Alternatywa: z pośrednikiem
A mogłoby to wyglądać tak: sprzedający zatrudniają pośrednika do sprzedaży swojego pięknego, wykończonego przez architekta mieszkania. Jego cenę ustalają wspólnie na stosunkowo wysokim, aczkolwiek rynkowym poziomie – obejmuje ona w końcu całe wyposażenie gustownie dopasowane do wnętrza, którego autorem aranżacji jest narzeczona właściciela.
Chcąc wyeksponować wyjątkowe wnętrze pośrednik zatrudnia profesjonalnego fotografa, który wykonuje wiele zdjęć nie tylko mieszkania, ale także budynku z zewnątrz, widoku z tarasu i okolicy. Ogłoszenie jest szeroko promowane z dokładnym podaniem adresu, tak, aby na spotkanie z właścicielem trafiali faktycznie zainteresowani klienci.
Tydzień po rozpoczęciu promocji oferty zgłasza się małżeństwo, które zostaje zaproszone na pierwsze spotkanie do biura pośrednika. Ten prezentuje dodatkowe informacje oraz zdjęcia mieszkania, które nie widniały w internecie i przedstawia rzut, wykonany po dokładnych pomiarach pomieszczeń na miejscu. Nadmienia, że całe wyposażenie i aranżacja to dzieło architektki, która zawsze jest obecna na spotkaniu, gdyż jest narzeczoną właściciela. Cena mieszkania nie jest niska, jednak odzwierciedla jakość i standard, na którym zainteresowanym bardzo zależy. Kupujący jasno informują, że chcą przeznaczyć na nowe M konkretną kwotę, która jednak nie satysfakcjonuje właściciela. W efekcie rezygnują z oglądania mieszkania, informując, że aktualna cena jest dla nich nie do zaakceptowania.
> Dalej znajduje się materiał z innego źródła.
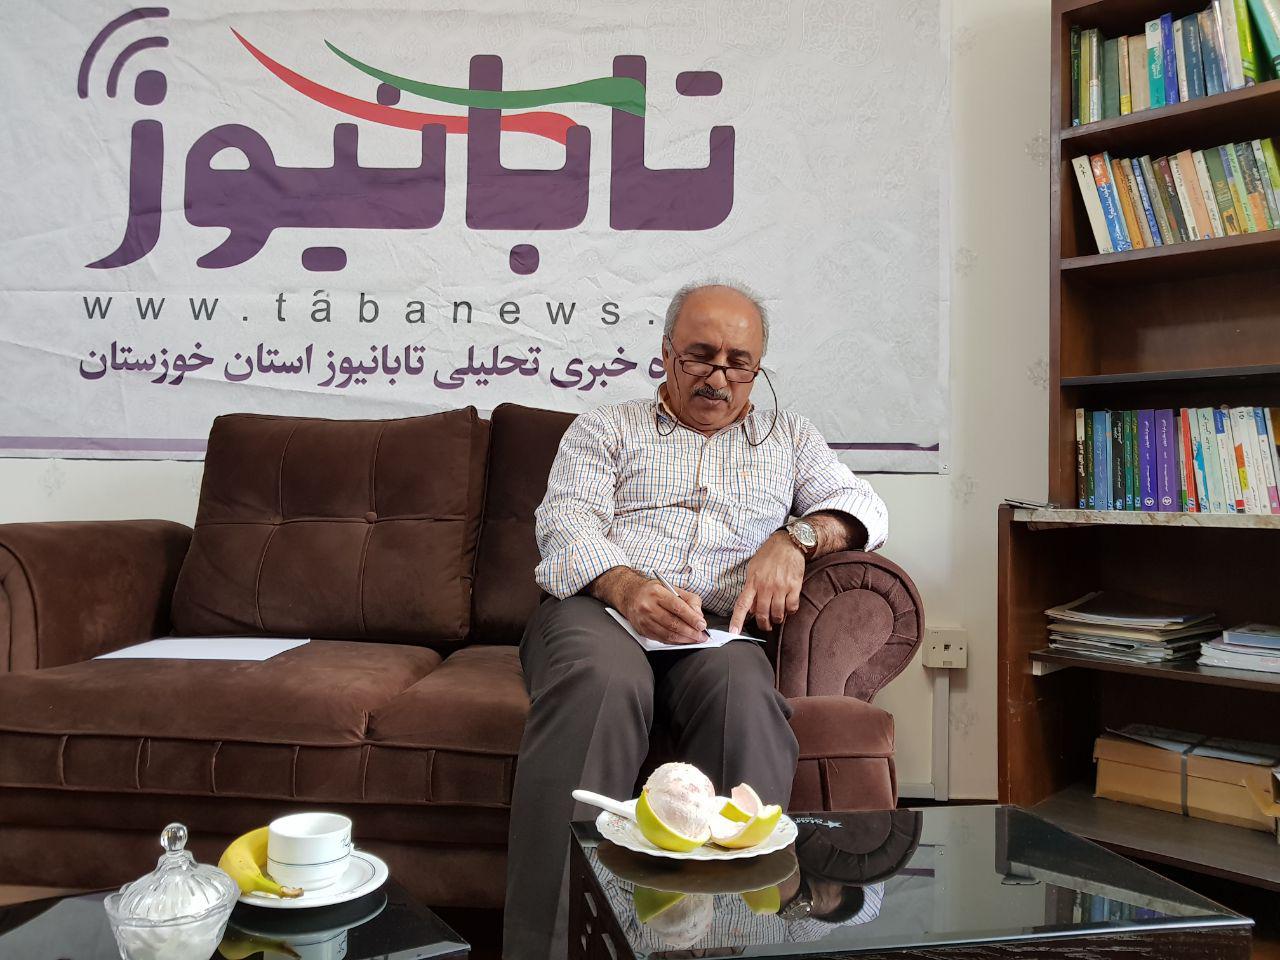 عمده مدیران خوزستان، بدون تخصص خود را صاحب نظر می دانند

Przez kolejny miesiąc kupujący oglądają inne mieszkania, jednak ciągle w myślach porównują je do tego, którego nawet nie obejrzeli. Ostatecznie po dłuższym czasie wykonują telefon do pośrednika z prośbą o umówienie prezentacji na żywo. Ten uprzedza właściciela, że przyjedzie z tymi samymi klientami. Po namowach pośrednika, zainteresowani organizują opiekę dla trójki swoich dzieci, które skutecznie przeszkadzały im w oglądaniu wcześniejszych nieruchomości. Wybrane mieszkanie prezentuje się wspaniale, jest idealnie przygotowane do prezentacji. Wcześniej zadbała o to narzeczona architektka, która zastosowała kilka rad pośrednika.
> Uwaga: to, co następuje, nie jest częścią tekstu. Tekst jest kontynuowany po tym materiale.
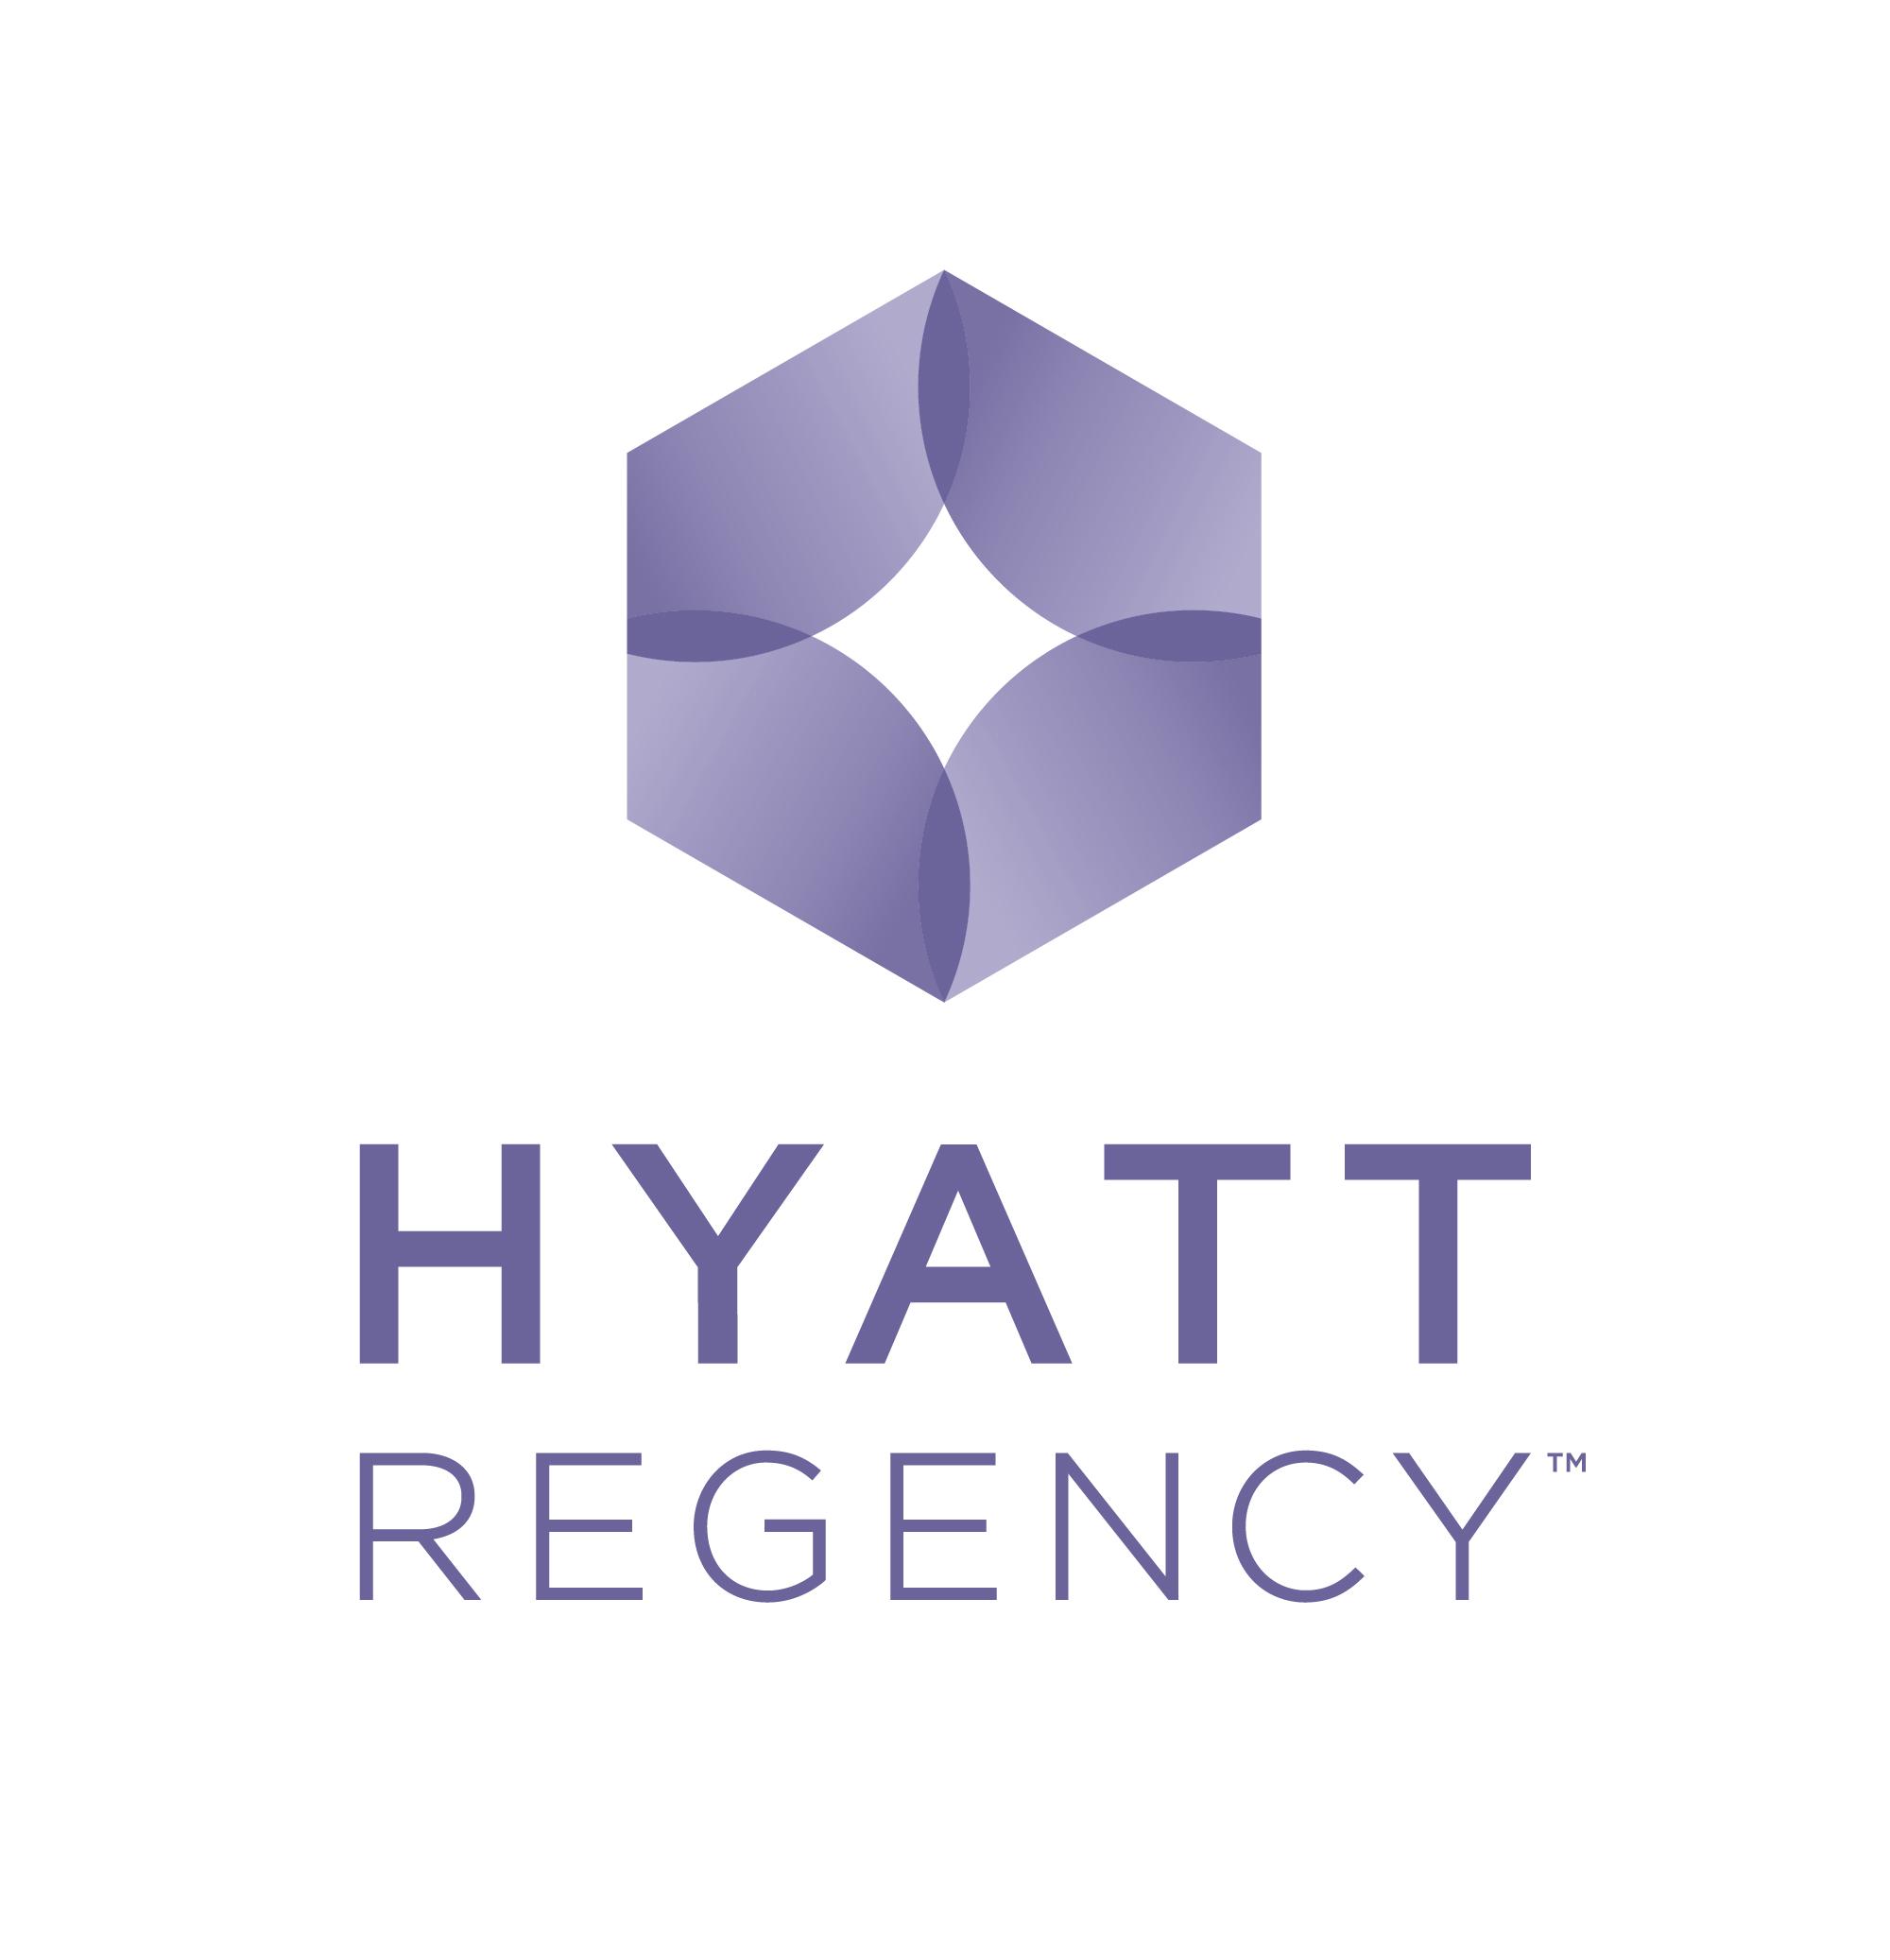 Hyatt-RegencyLogo.jpg

Zainteresowani witani są w drzwiach przez znanego im już pośrednika, który wprowadza ich do środka i przedstawia właścicielowi i narzeczonej, informując kto jest kim. Klient zauroczony mieszkaniem komplementuje efekt prac Pani architekt, po czym w przyjemnej atmosferze wszyscy siadają do stołu porozmawiać o warunkach przyszłej transakcji.
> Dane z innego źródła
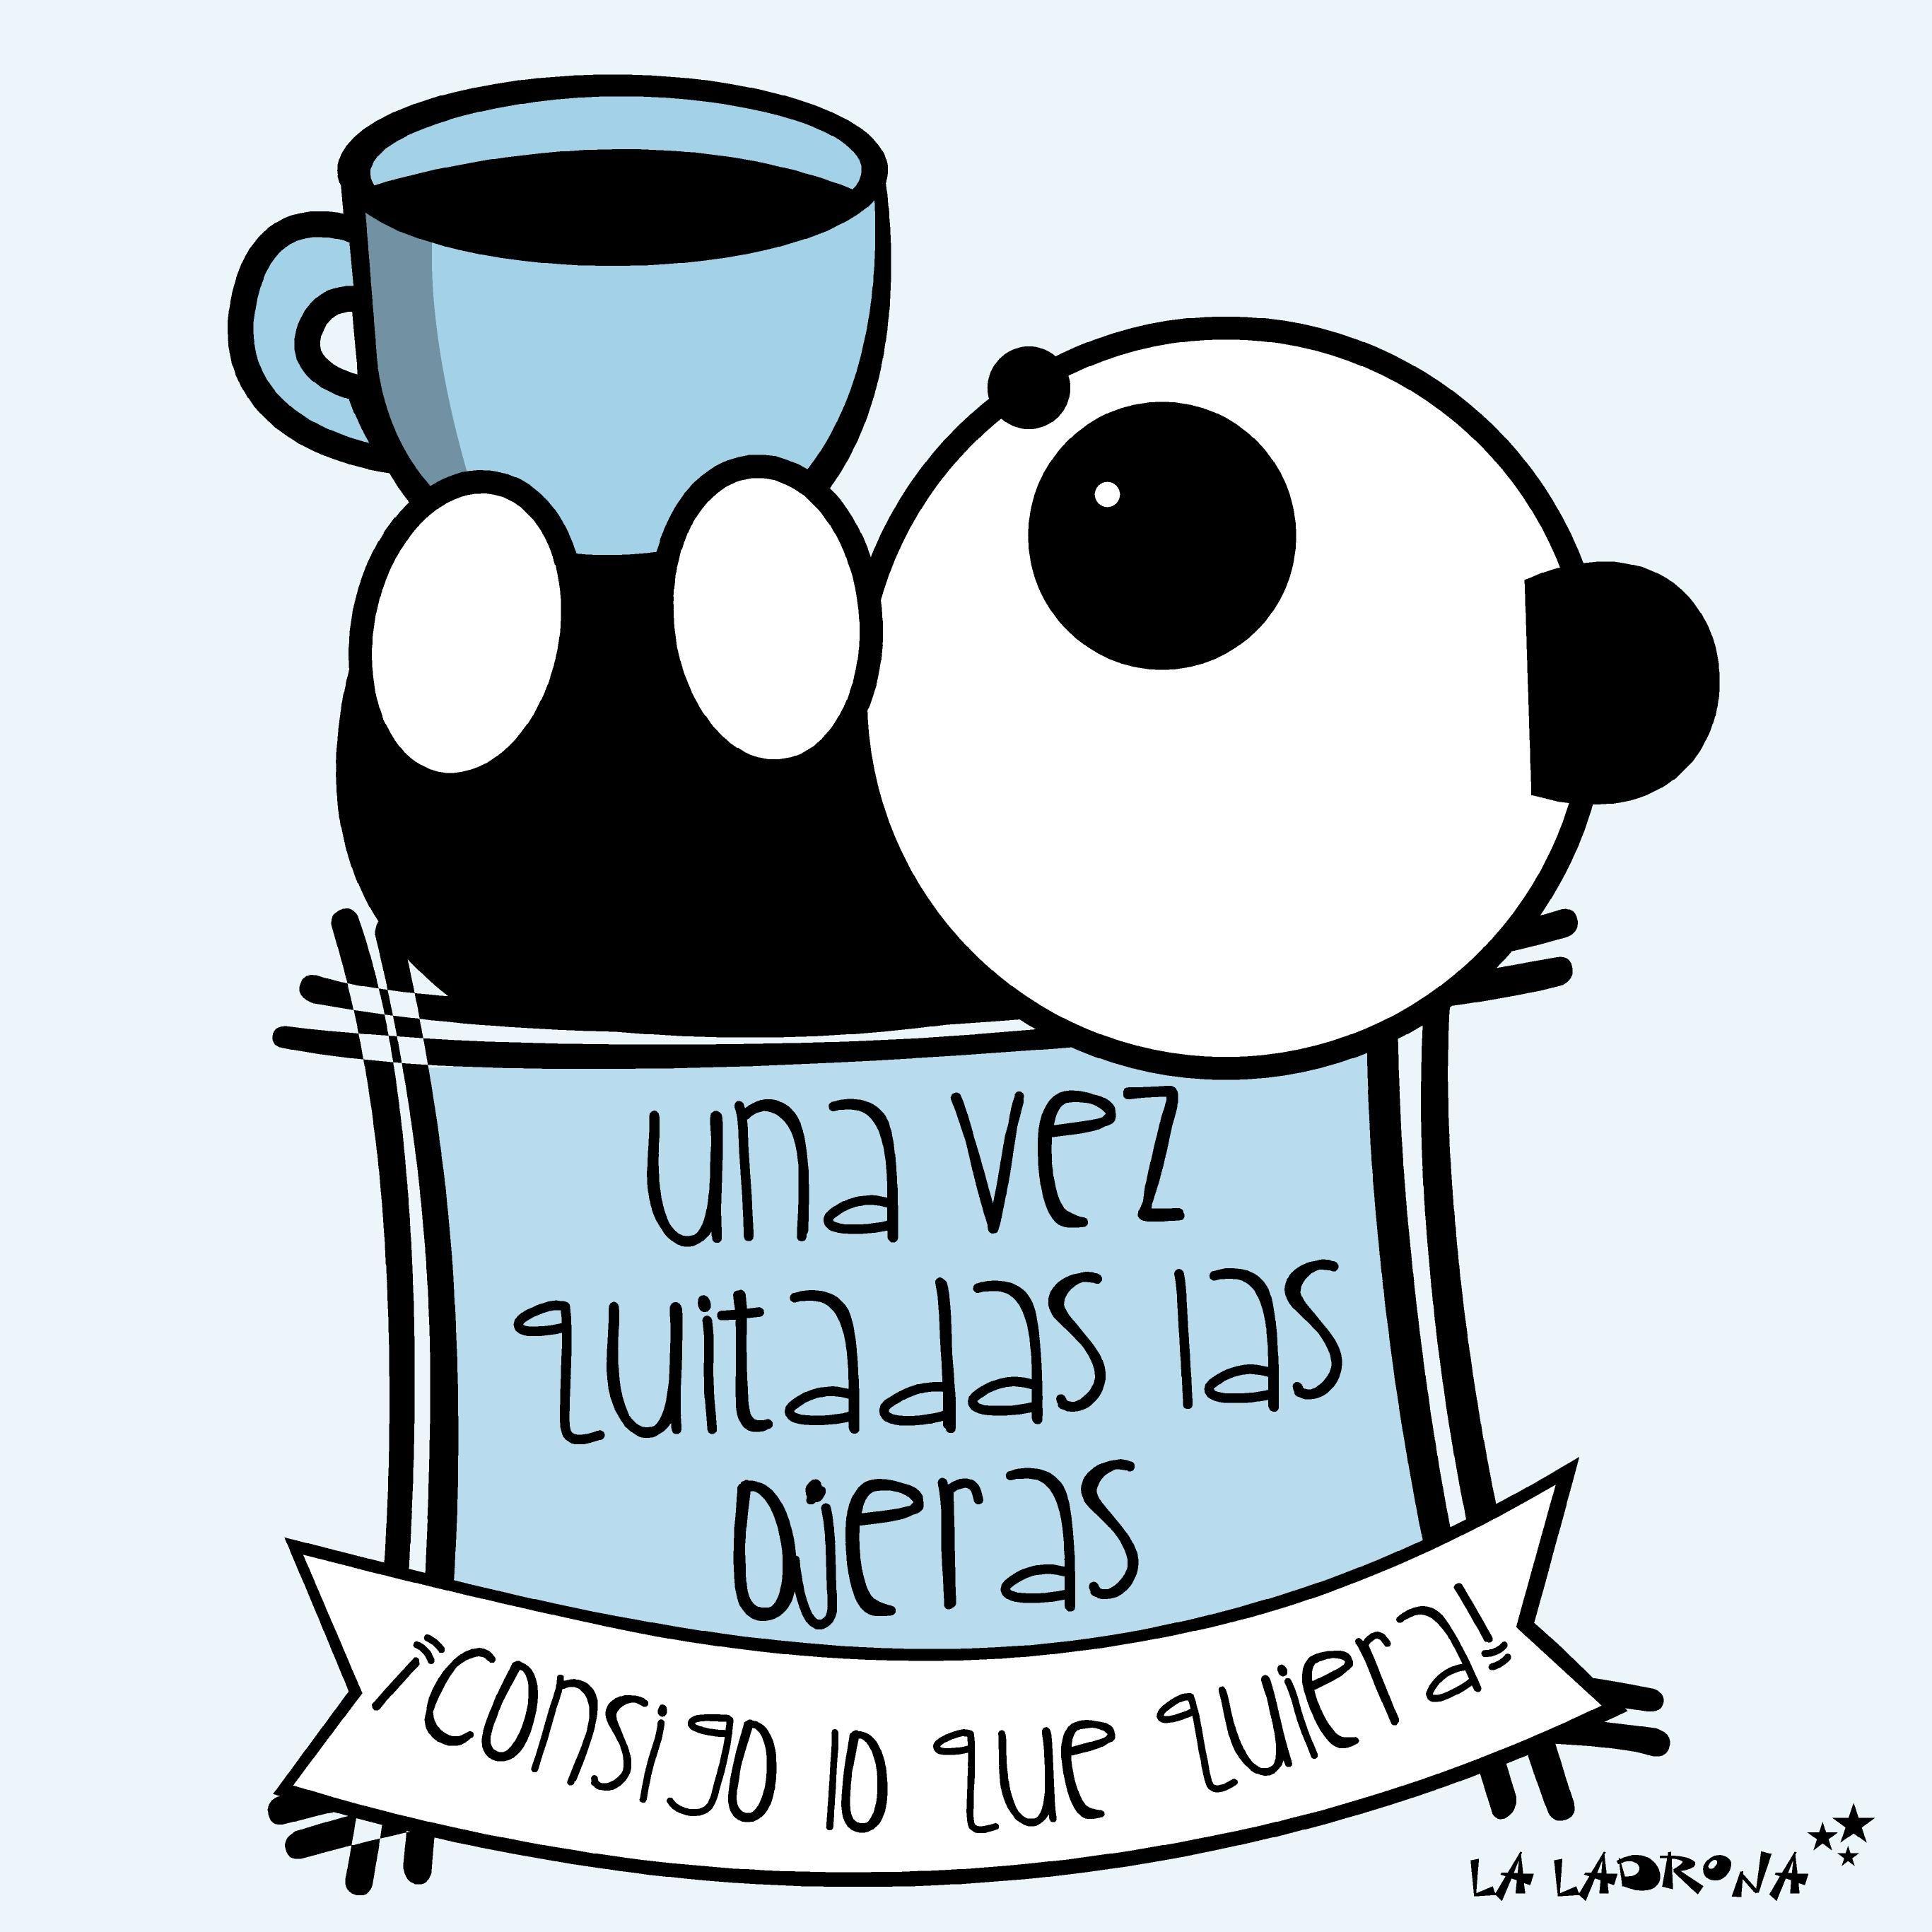 Ilustración. Illustration. ¡Fuera ojeras y al turrón! www.laladronadeestrellas.com

Zainteresowani wiedzą już, że cena mieszkania nie jest wygórowana w stosunku do oferowanej jakości. Pomimo tego, że przeznaczali pierwotnie niższą sumę na zakup, zdecydowali się dołożyć do niej dodatkową kwotę, a z kolei sprzedający jest bardziej skory do niewielkiej obniżki ceny. Tym sposobem zostaje ustalona ostateczna kwota transakcji, która satysfakcjonuje obie strony, a mieszkanie w znajduje nowego właściciela.